Sul campo, in prima linea, come sempre, la Protezione civile di Caulonia, guidata da Antonella Ieraci. “Mentre i migranti stavano per sbarcare, siamo stati contattati per la prima accoglienza, che consiste prevalentemente nella distribuzione dei generi alimentari, soprattutto qualcosa di caldo, perché l’importante è che quanti arrivano ricevano un’accoglienza dignitosa”. La Protezione civile caulonese, ad hoc, ha approntato una cucina mobile capace di muoversi verso le esigenze dei migranti.

Non c’è tensione, né preoccupazione: Roccella vive da anni questi momenti ed ha imparato a organizzarsi. I volontari, anzi, sono formati praticamente sul campo – come lascia intendere Ieraci -. Il primo momento di accoglienza, dunque, si svolge nelle tensostrutture. Eppure, nonostante quell’ex ambulatorio abbia diverse criticità, per Rossella Ursini, della Protezione civile “Aniello Ursino”, è meglio delle attuali tende installate al porto. “Le tende, soprattutto nei mesi invernali, sono fredde, l’acqua rischia di scivolare sotto le brandine, sono una soluzione temporanea. L’Ospedaletto, invece, ha due moduli, uno per le donne e i bambini e uno per gli uomini. Al porto c’è un solo bagno, quindi le condizioni non sono delle migliori”.

Ursino è una sorta di memoria storica dell’accoglienza dei migranti che sbarcano a Roccella. “Sono dieci anni di assistenza, grazie anche a mio marito, impegnato come me da quando questo fenomeno era ancora limitato. Qui a Roccella abbiamo avuto giornate di lunghissimo lavoro, ma lo abbiamo fatto sempre con il cuore pieno di amore”. La volontaria, che riconosce l’importanza del “donarsi per gli altri, anche solo con semplici gesti”, traccia una sorta di identikit degli sbarchi sulle coste. A Roccella, Crotone e Reggio Calabria sono storicamente arrivati migranti provenienti dall’est, dalla Turchia, dalla Grecia, nonché di etnia curda. È minore il numero di quanti arrivano dalla Libia; al contrario di quanto succede in Sicilia, dove i migranti sono prevalentemente africani”.
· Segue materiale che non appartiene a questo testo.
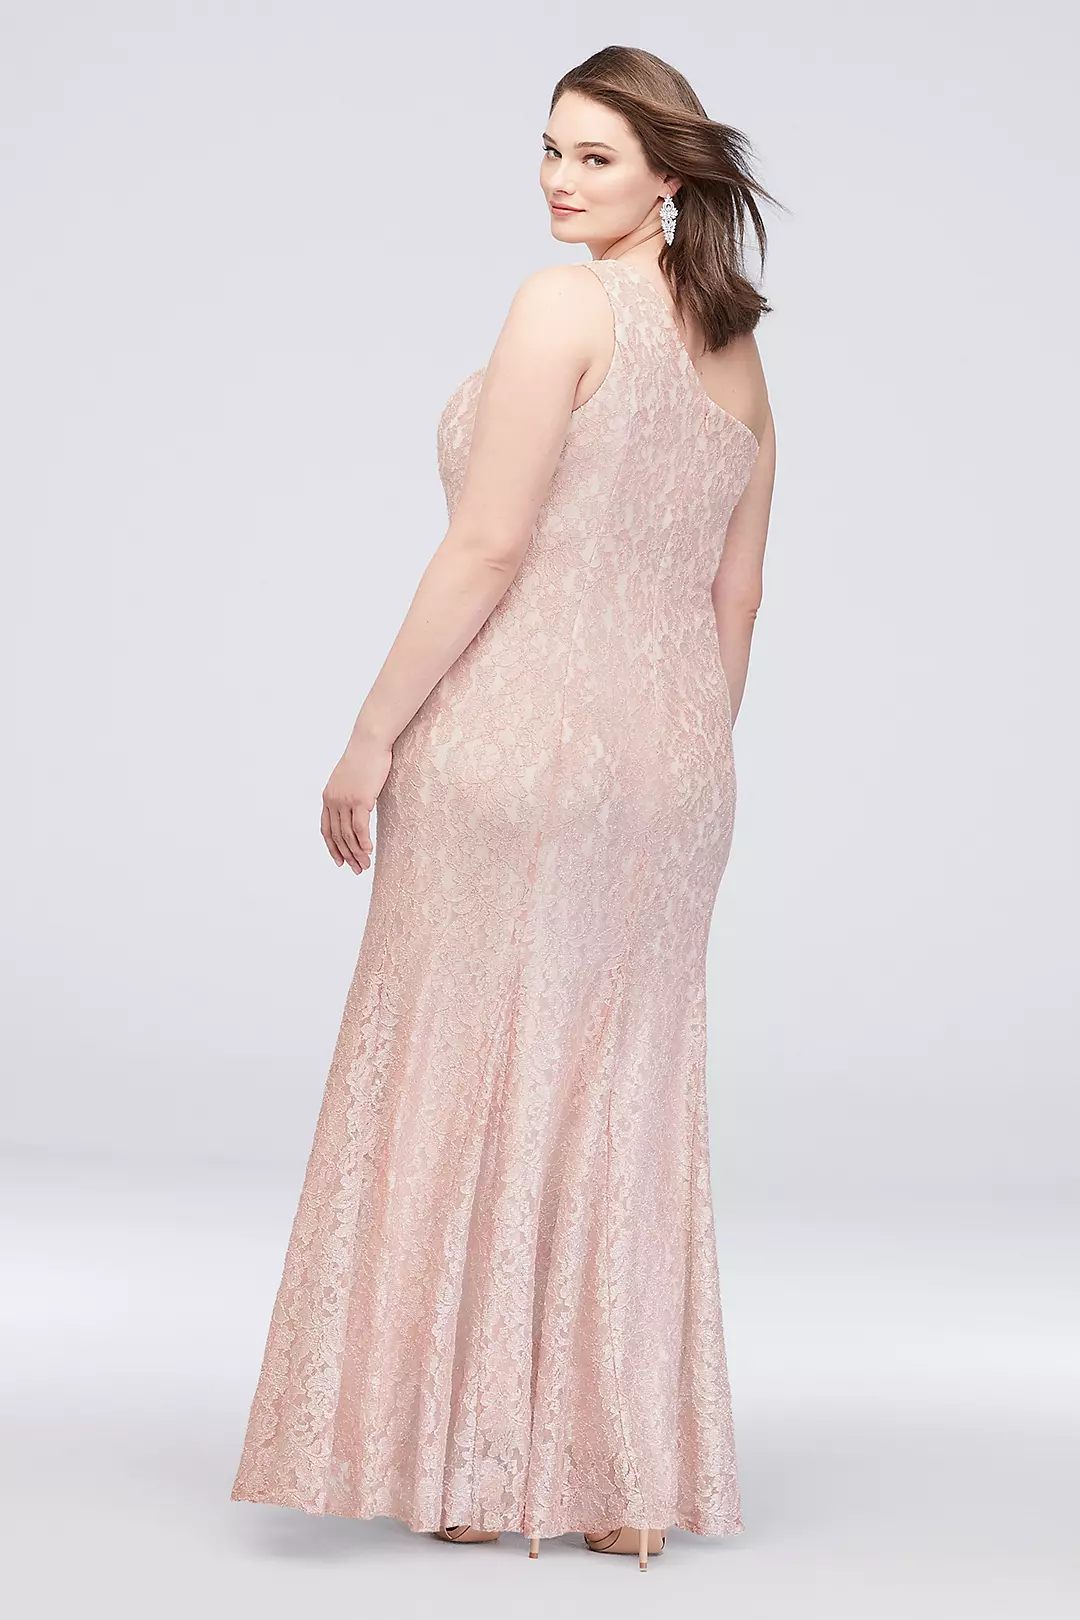 One-Shoulder Glitter Lace Mermaid Gown Image 2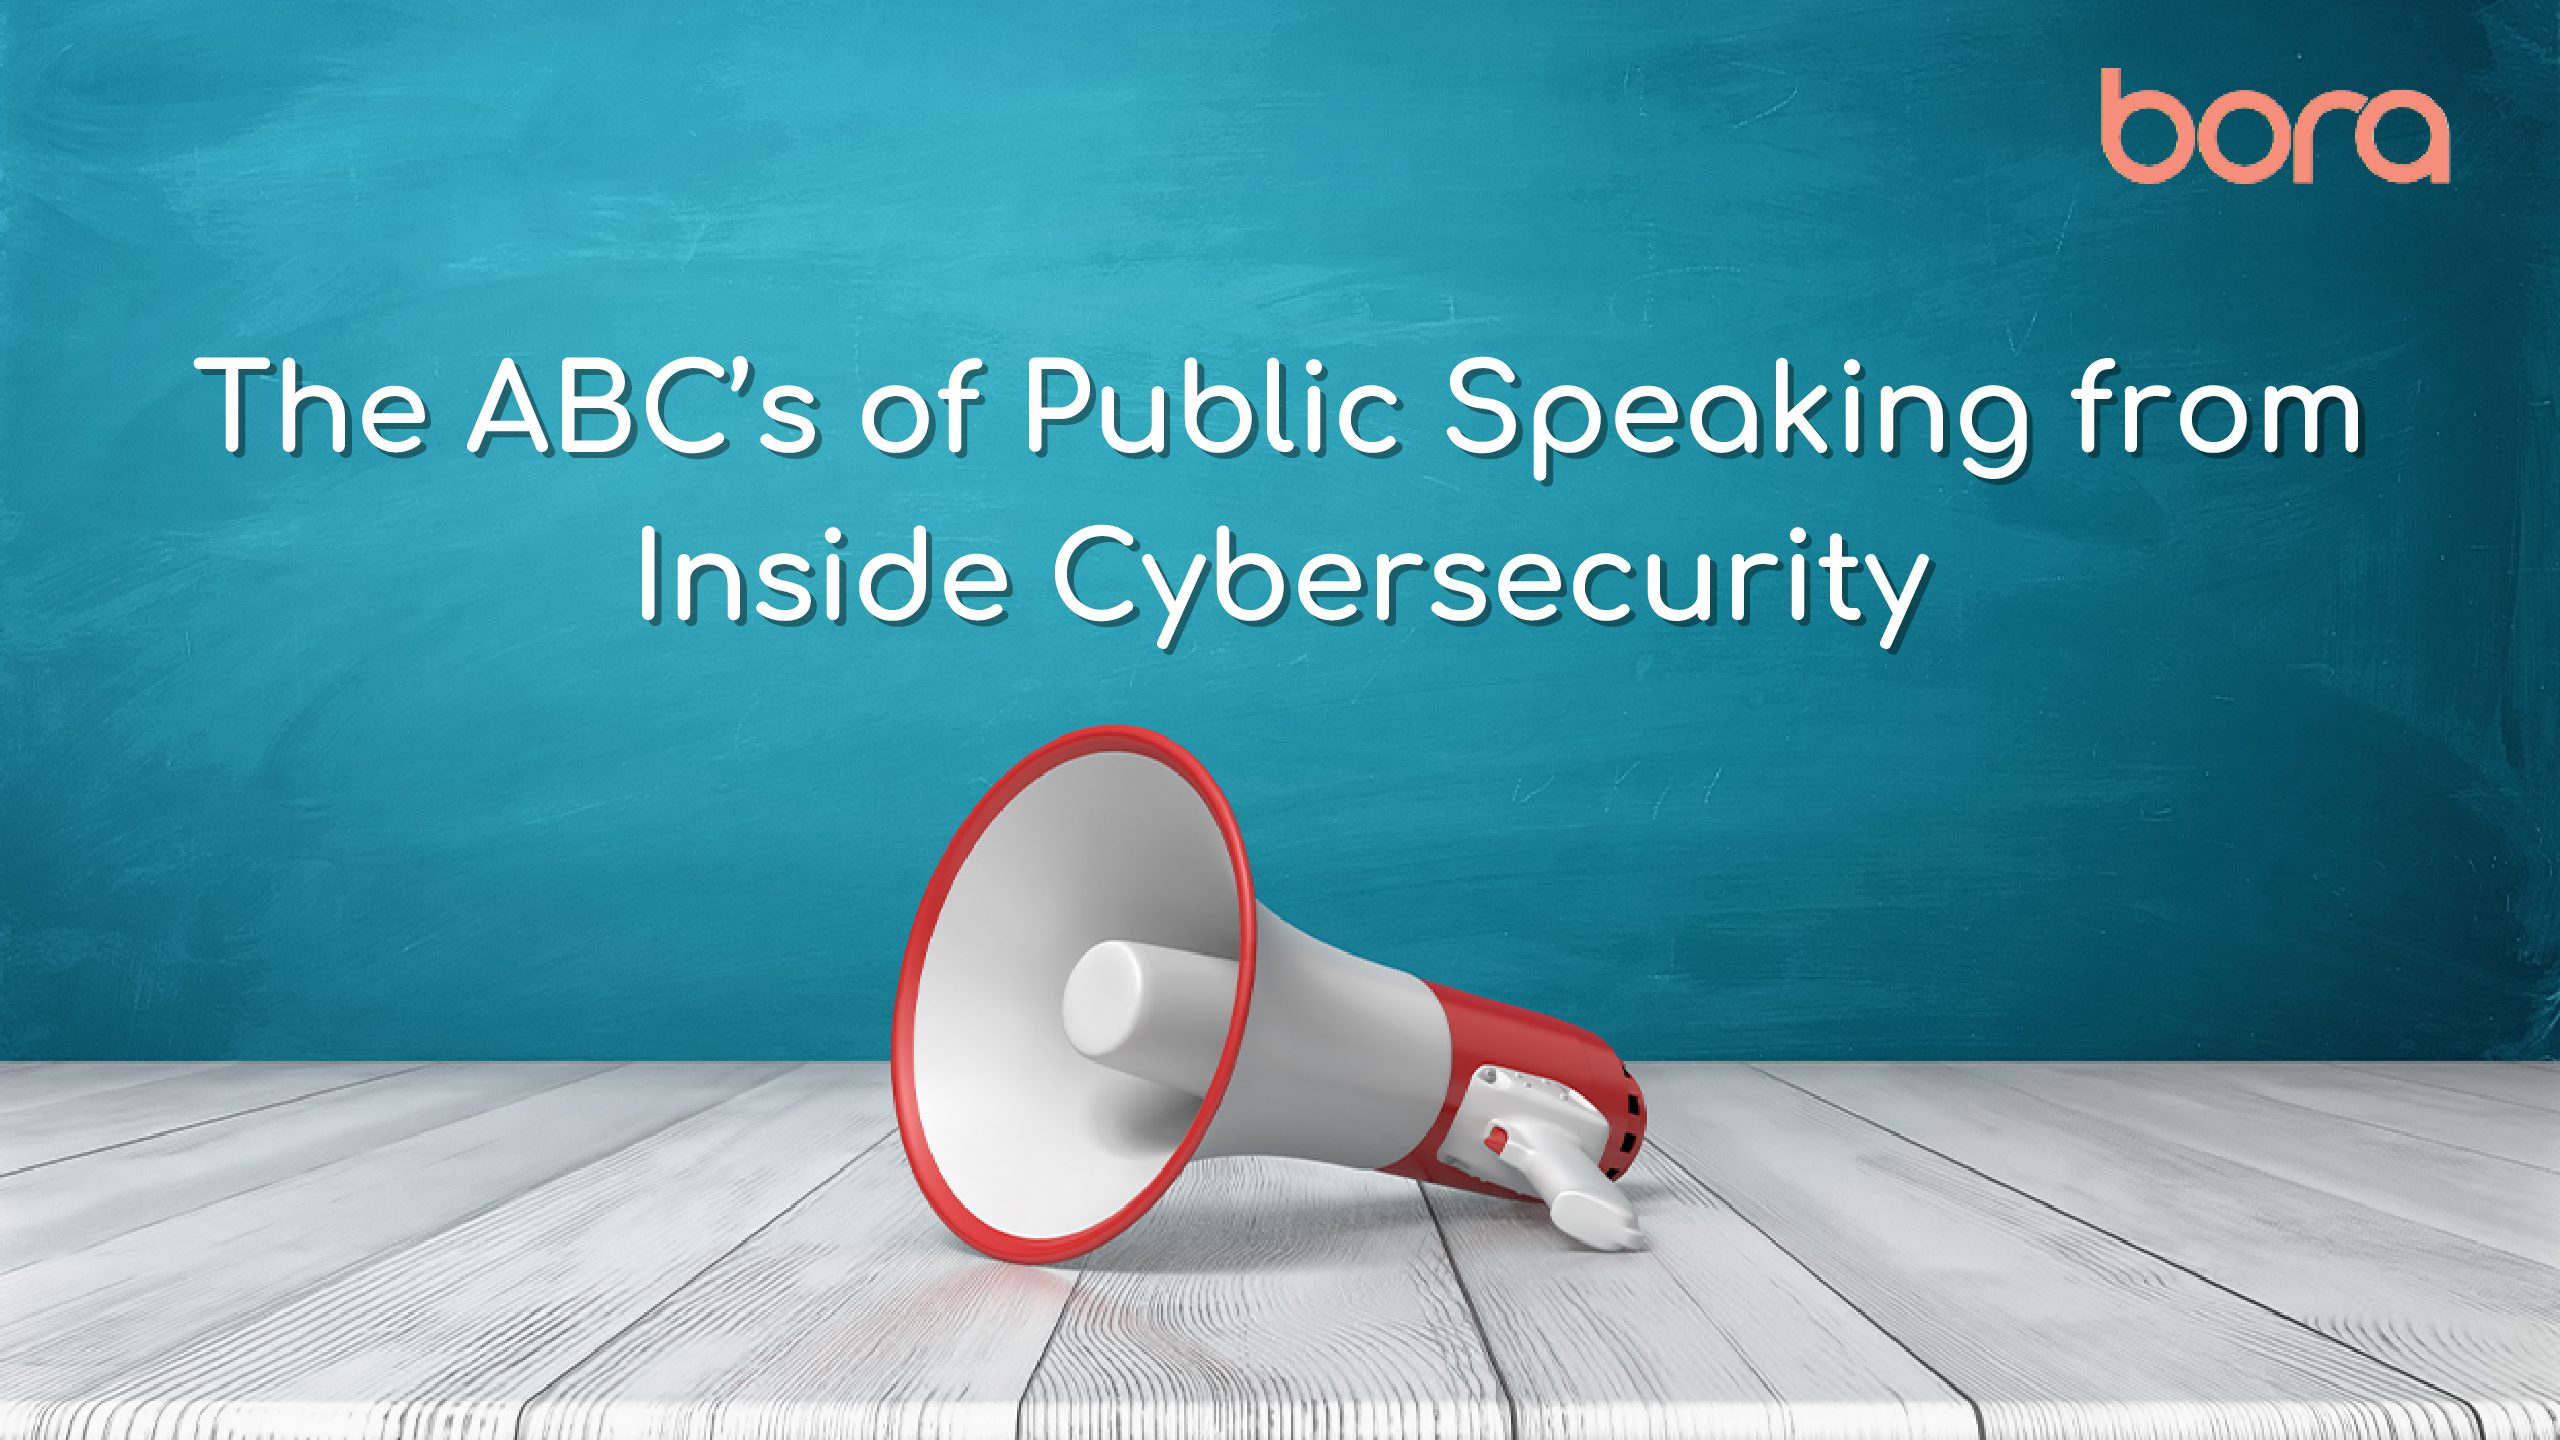 The ABC’s of Public Speaking from Inside Cybersecurity

Nei racconti delle centinaia di giovani accolti, Ursino ha “la memoria della loro paura, la narrazione delle atrocità vissute nei Paesi di origine, il desiderio di un riscatto e di vivere ‘all’occidentale’”. Perché, anche se Roccella è soprattutto un luogo di passaggio verso i centri di accoglienza, di quel passaggio rimane comunque traccia nei volontari e nei cittadini. Prima era un ex asilo nido, il luogo del “pronto intervento”. Poi l’Ospedaletto, “i cui locali – spiega Ursino – sono andati mano mano deteriorandosi per l’usura del tempo”, e ora le tensostrutture del porto, presso cui sono impegnati le donne e gli uomini della Croce Rossa.

Intanto, chiude padre Carlino, rimane l’immagine di

“una città che si è messa completamente a disposizione per dare una mano”.

È il volto bello della Calabria, il più vero.